In reality, Carrie Fisher, brilliantly reprising the role that made her famous, is older. She’s gained a bit of squish around the middle, and a couple lines around the eyes. All the better to quip with, my dearies. If we haven’t already cross-stitched this into our psyches, it’s time: we are all getting older.

In response to critics mentioning her aging person, Fisher recently texted, “Please stop debating about whether or not I’ve aged well. Unfortunately it hurts all 3 [sic] of my feelings. My body hasn’t aged as well as I have. Blow us.” Of course, this was done with emojiis that I haven’t included here. I don’t know her personally, and probably won’t have occasion to meet her. My life’s goal isn’t to meet the people I see in movies anyway, though I’m grateful for their talent.

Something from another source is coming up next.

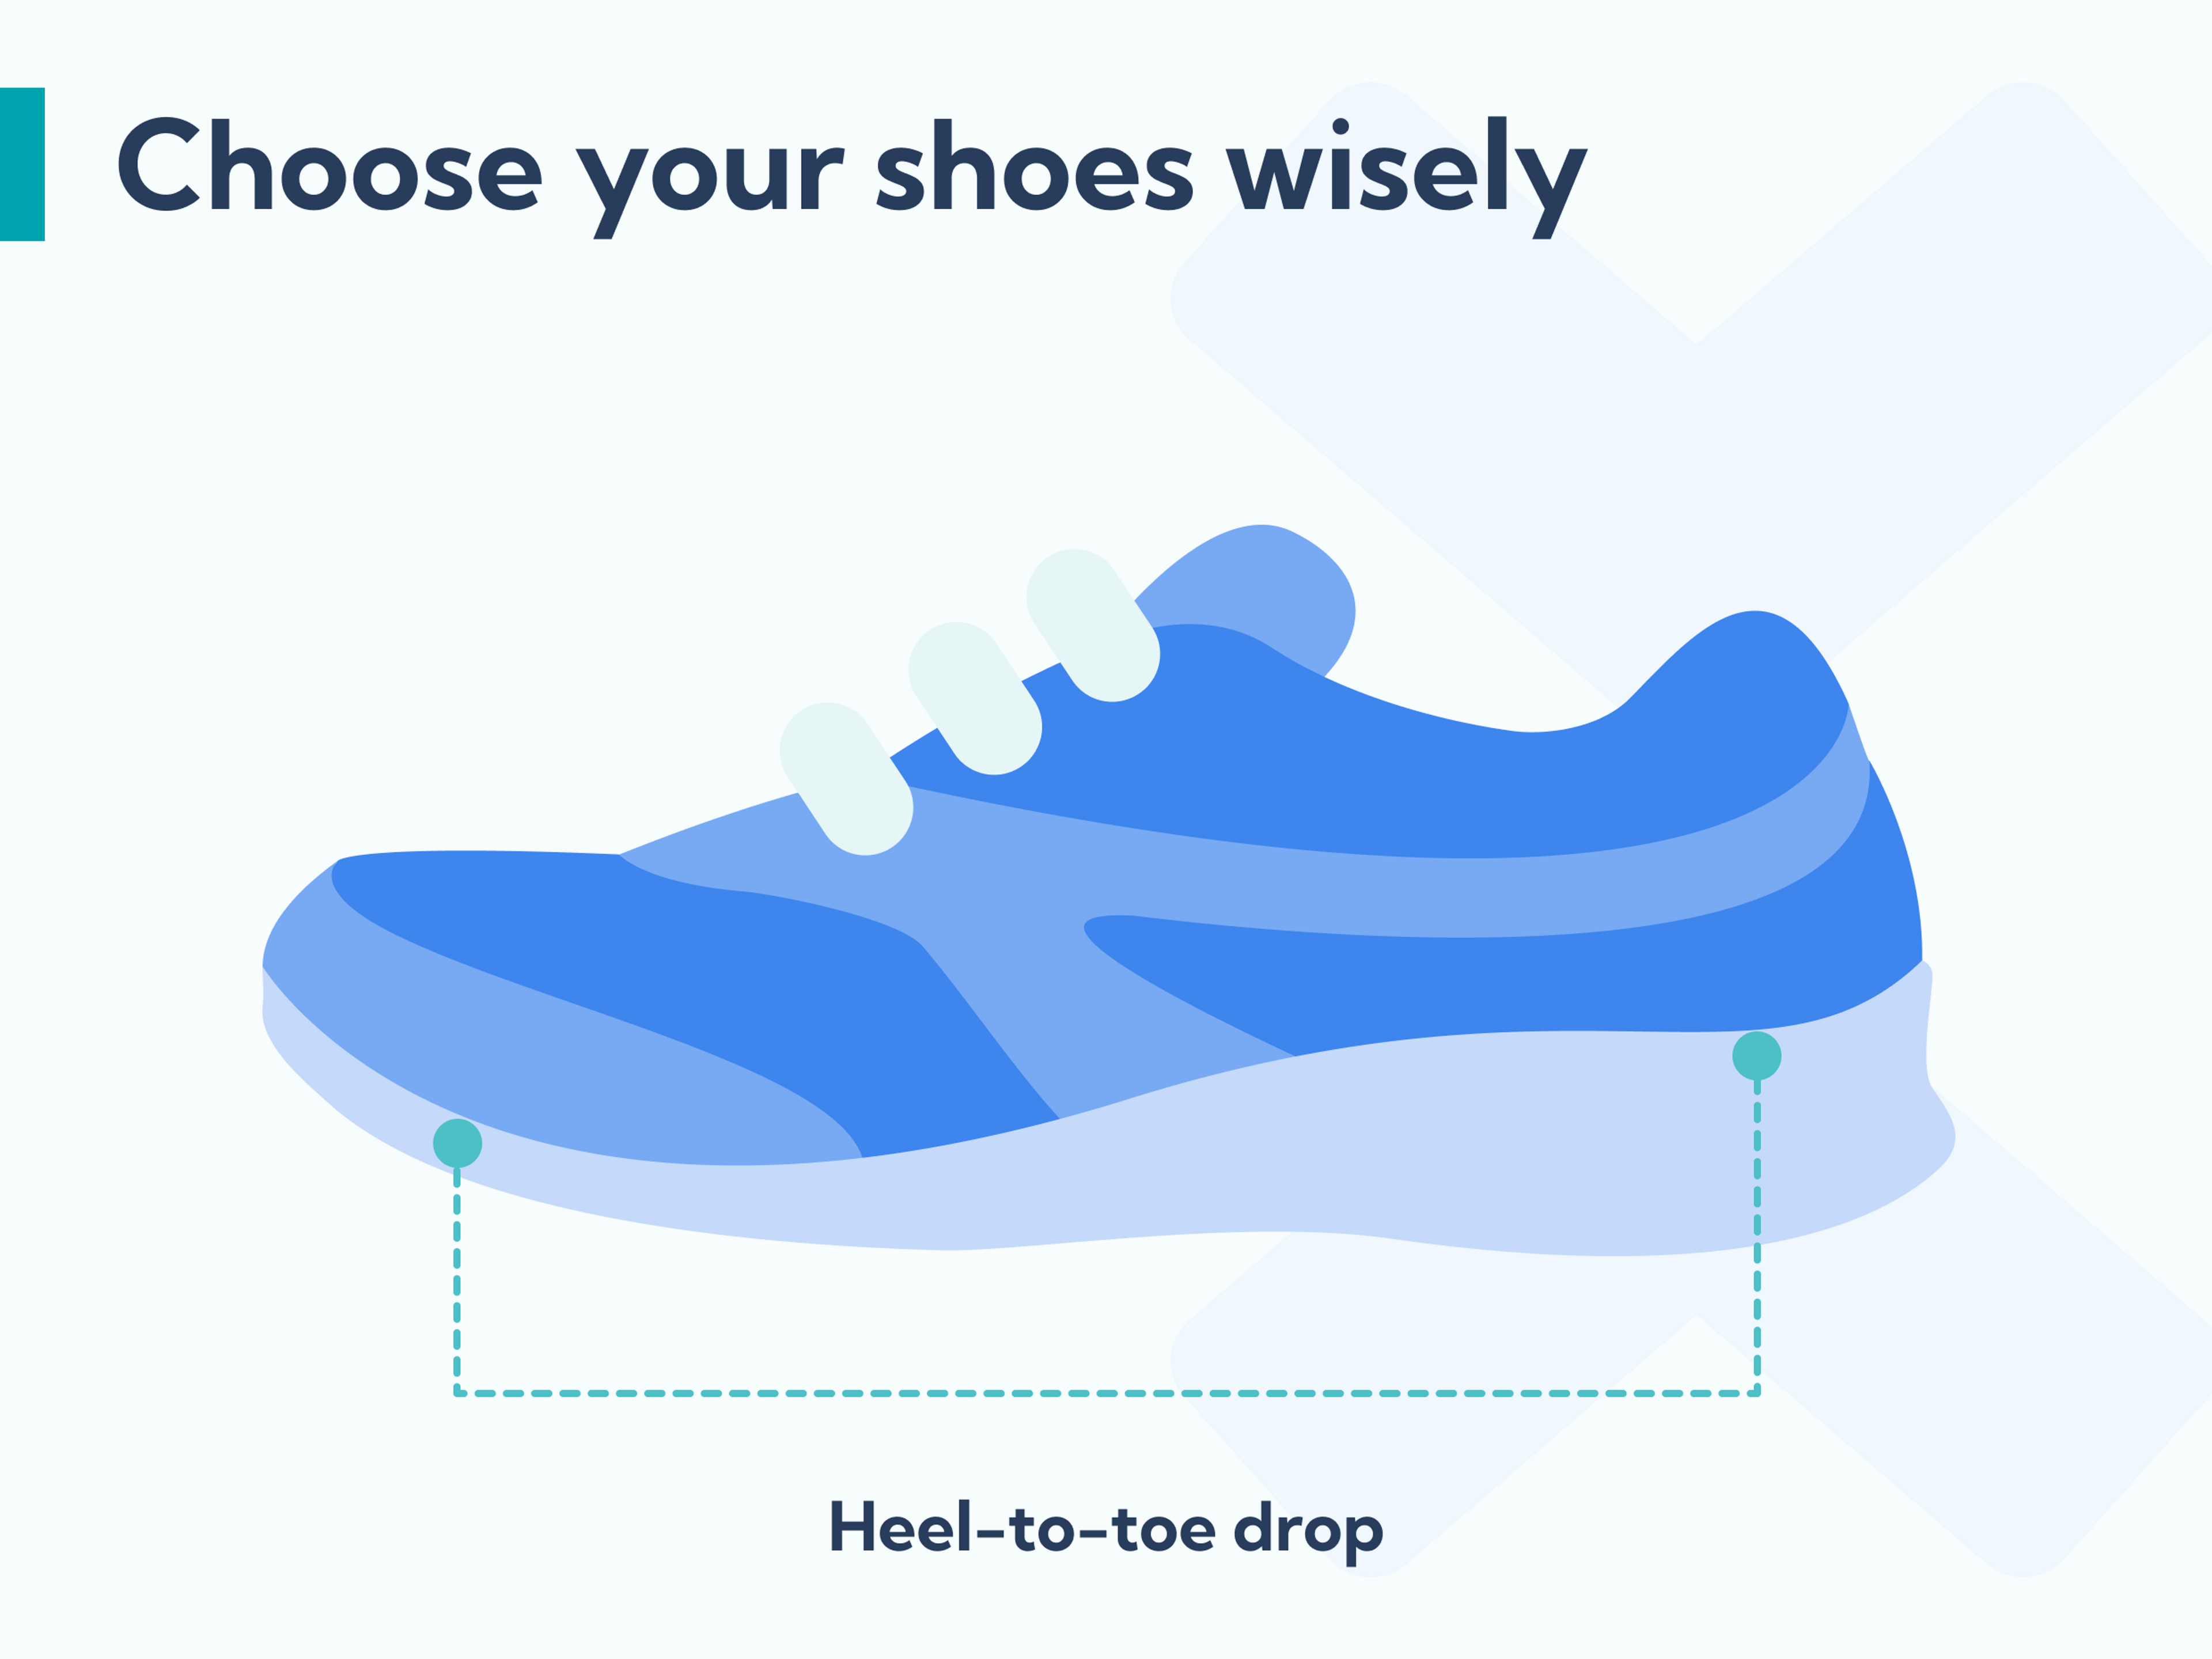 A running shoe with a slightly higher heel reduces the strain on your Achilles tendon.

Nope, she just became my superhero because she is a kick-ass person. Lots of ass-kicking in a few short paragraphs, but I’m not inclined to edit them out. Fisher’s older, with a little more life to her eyes and a little more wisdom in her noggin. Do I care whether she can still rock the cinnamon-bun hair and flowsy warrior princess costume? No, I decidedly do not. She has a Resistance to lead, after all.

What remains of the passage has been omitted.